Benefits

Insurers Say They Won’t Pay for Preventable Medical Errors

By Staff Report

Sep. 16, 2011

Employers could begin to see cost savings and improvements in the quality of health care in the next year as more private insurers plan to follow the federal government’s lead in refusing to pay hospitals for medical errors.



In recent months, Blue Cross and Blue Shield, Aetna and WellPoint have said they will look for ways to stop paying for certain preventable errors called “never events” or “serious reportable events” by the National Quality Forum, a coalition of employers, doctors and policy-makers that has identified 28 adverse medical events. The group describes these errors in a 2006 report as “serious, largely preventable” medical mistakes.



Spokesmen for Cigna and UnitedHealthcare say the companies are looking into developing a policy to stop paying for these medical errors. Cigna plans to have a national policy in place by October, by which time the Centers for Medicare & Medicaid Services (CMS) says it will stop reimbursing hospitals for the added cost of care to treat eight conditions that are considered among the most common and most preventable errors.



Those conditions include: leaving objects in the body during surgery; using the wrong blood type; air embolisms; catheter-associated urinary tract infections; vascular catheter-associated infections; bed ulcers; certain surgical site infections; and hospital-acquired injuries like burns and broken bones sustained from falls.



Though medical errors account for only a fraction of the $2.1 trillion national health care bill, not paying for them has long been seen by employers as the best way to exert financial pressure on hospitals to improve the quality of the care they deliver. But it was not until CMS said in October that it would no longer pay for medical errors that other insurers followed suit.



“CMS is the 2,000-pound gorilla,” says Helen Darling, president of the National Business Group on Health, which last year began asking its members, mainly Fortune 500 companies, to stop paying for never events. “Once CMS made its announcement, we knew the hard stuff was over.”

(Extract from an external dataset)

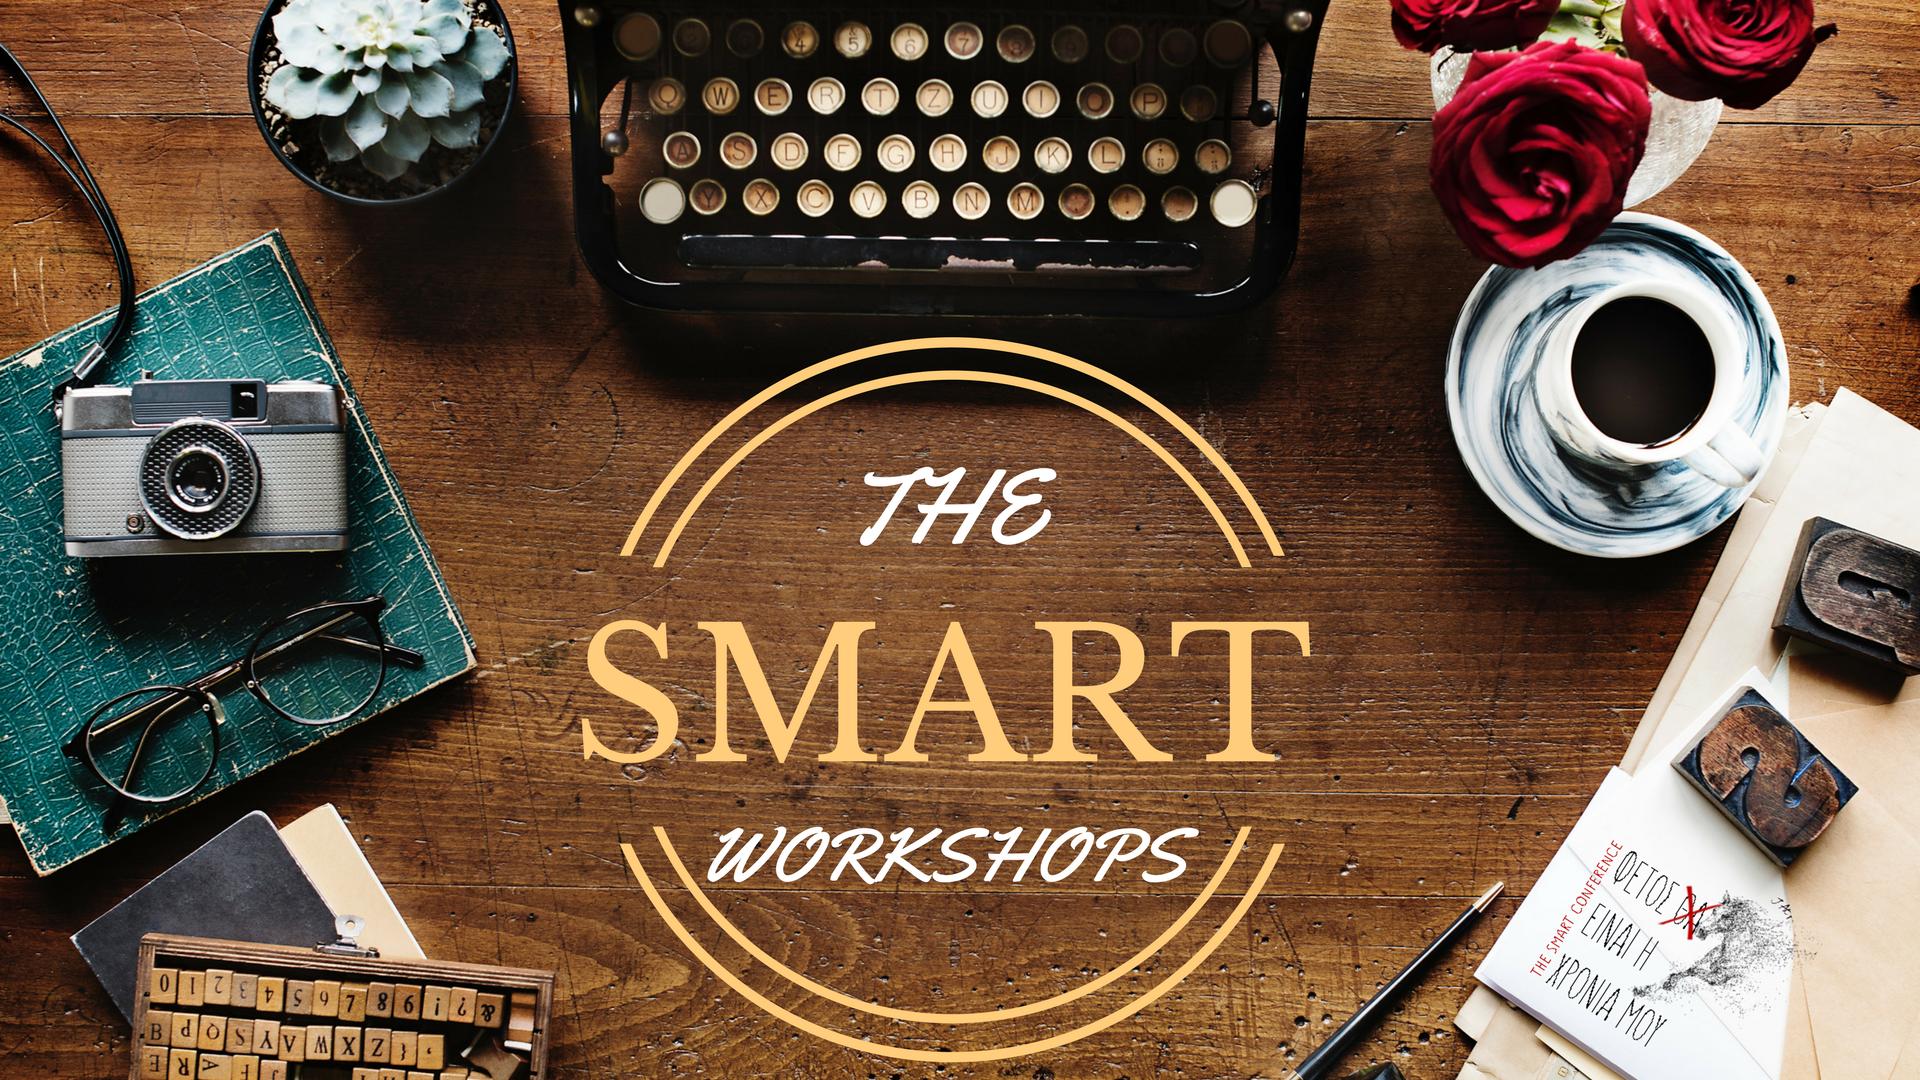 The SMART Workshops | Φέτος ΕΙΝΑΙ η Χρονιά μου| Αθήνα | Θεσσαλονίκη

The business group has created a tool kit to help employers include language in contracts with hospitals that would waive fees associated with medical care that harms patients or is necessary because of a previous medical error. Hospital associations in Massachusetts, Minnesota and Indiana have said they will not bill for certain medical errors.



A spokesman for the health insurance trade group America’s Health Insurance Plans said the change among insurers came in part because of pressure from employers who did not want to pay for poor care.



“In the long run, with a view toward providing not only the safest [but] highest-quality care, you can ensure that employers and employees will not pick up the tab for mistakes in a hospital setting,” says the association’s spokesman, Mohit Ghose.



The next challenge facing this movement is to design billing codes that trigger fee waivers. As consensus over not paying for medical errors builds among payers and providers of health care, employers will find it easier to put these standards into contracts with hospitals, says Jim Conway, senior vice president for the Institute for Healthcare Improvement.



“You will see hospitals that are not surprised that employers want to put that language into a contact, because it is being routinely discussed now,” he says.